EXERCISE INSTRUCTIONS: The answer must reproduce all of the data below exactly and contain no images.

RECORDED INFORMATION:
#####
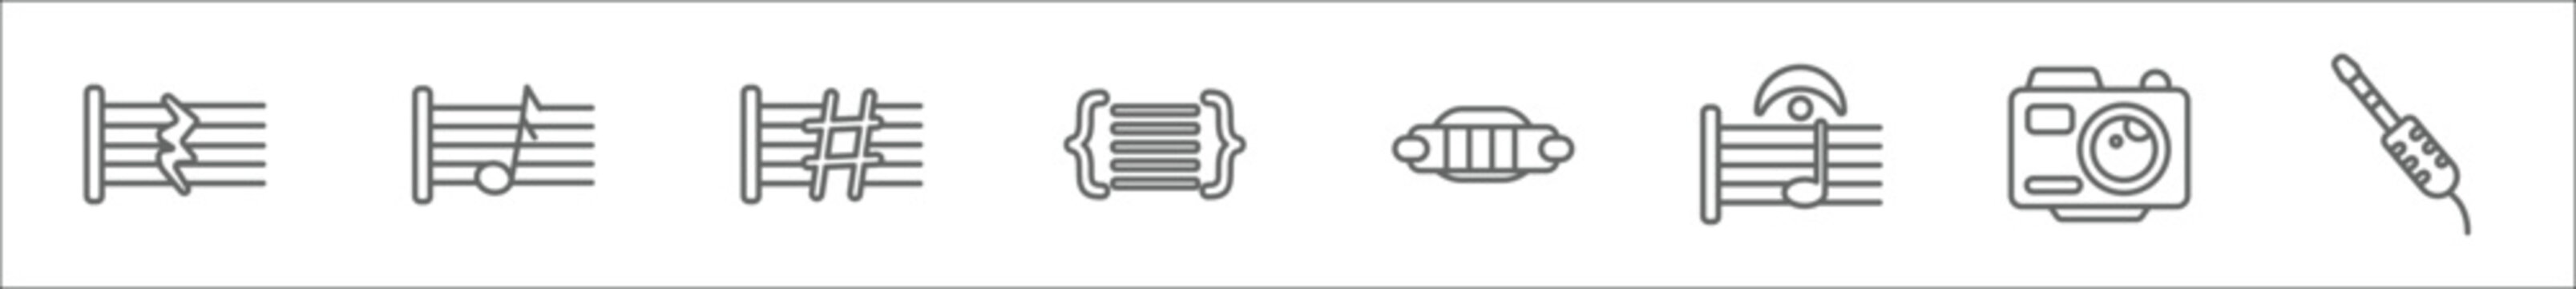 outline set of music line icons. linear vector icons such as quarter note rest, semiquaver, sharp, bracket, harmonica, fermata, photo camera, jack connector
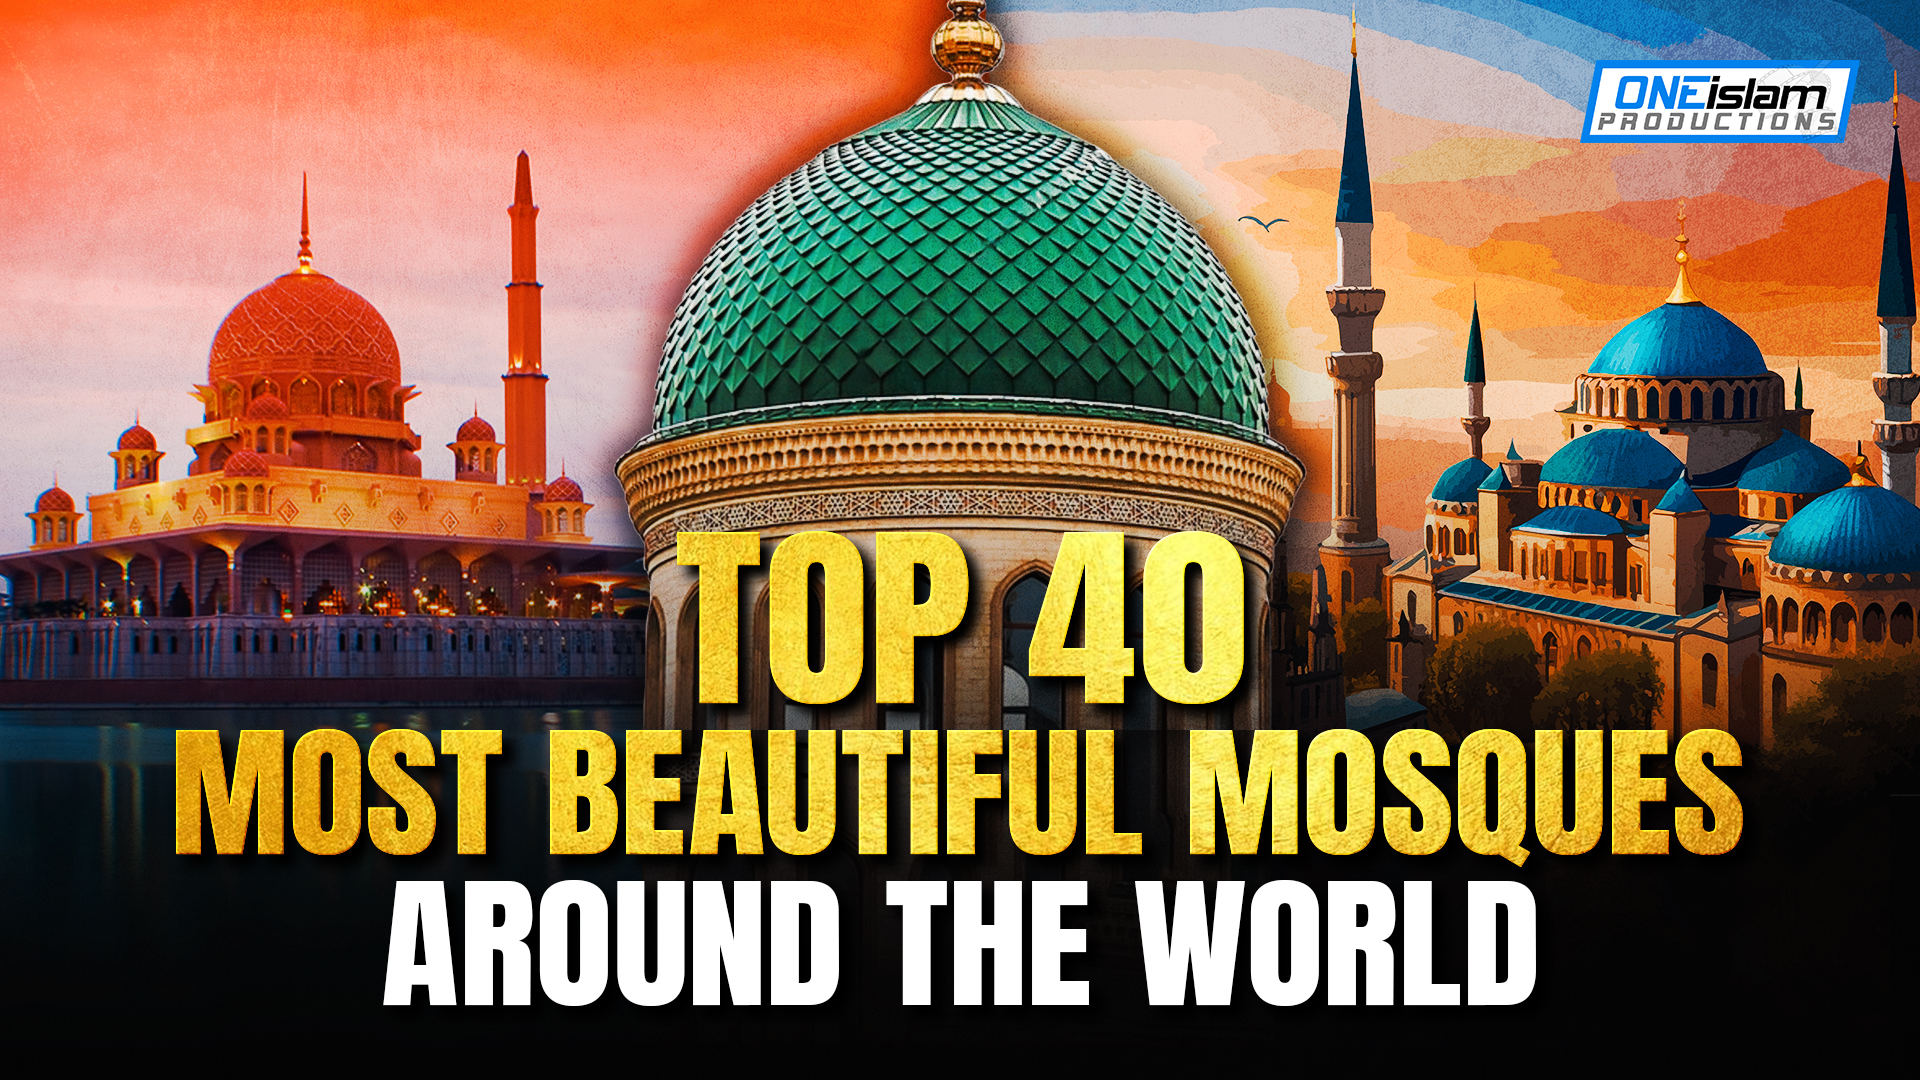 Top 50 most beautiful mosques around the world (1)
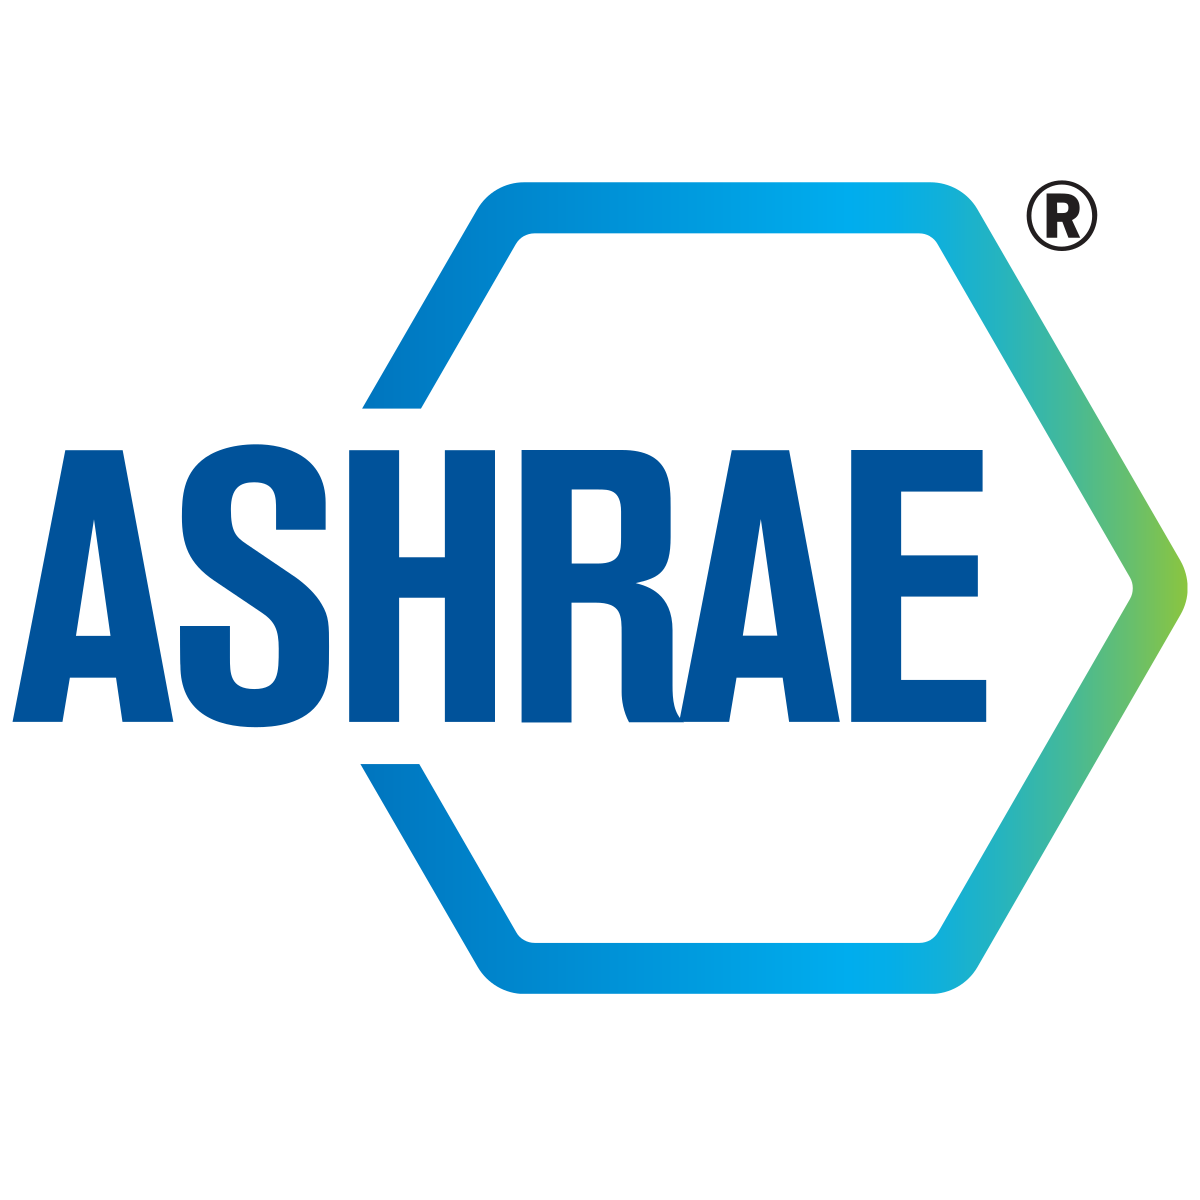 American Society of Heating, Refrigerating and Air Conditioning Engineers (ASHRAE)
#####
SOLUTION TO THIS EXERCISE:
 outline set of music line icons. linear vector icons such as quarter note rest, semiquaver, sharp, bracket, harmonica, fermata, photo camera, jack connector
 Top 50 most beautiful mosques around the world (1)
 American Society of Heating, Refrigerating and Air Conditioning Engineers (ASHRAE)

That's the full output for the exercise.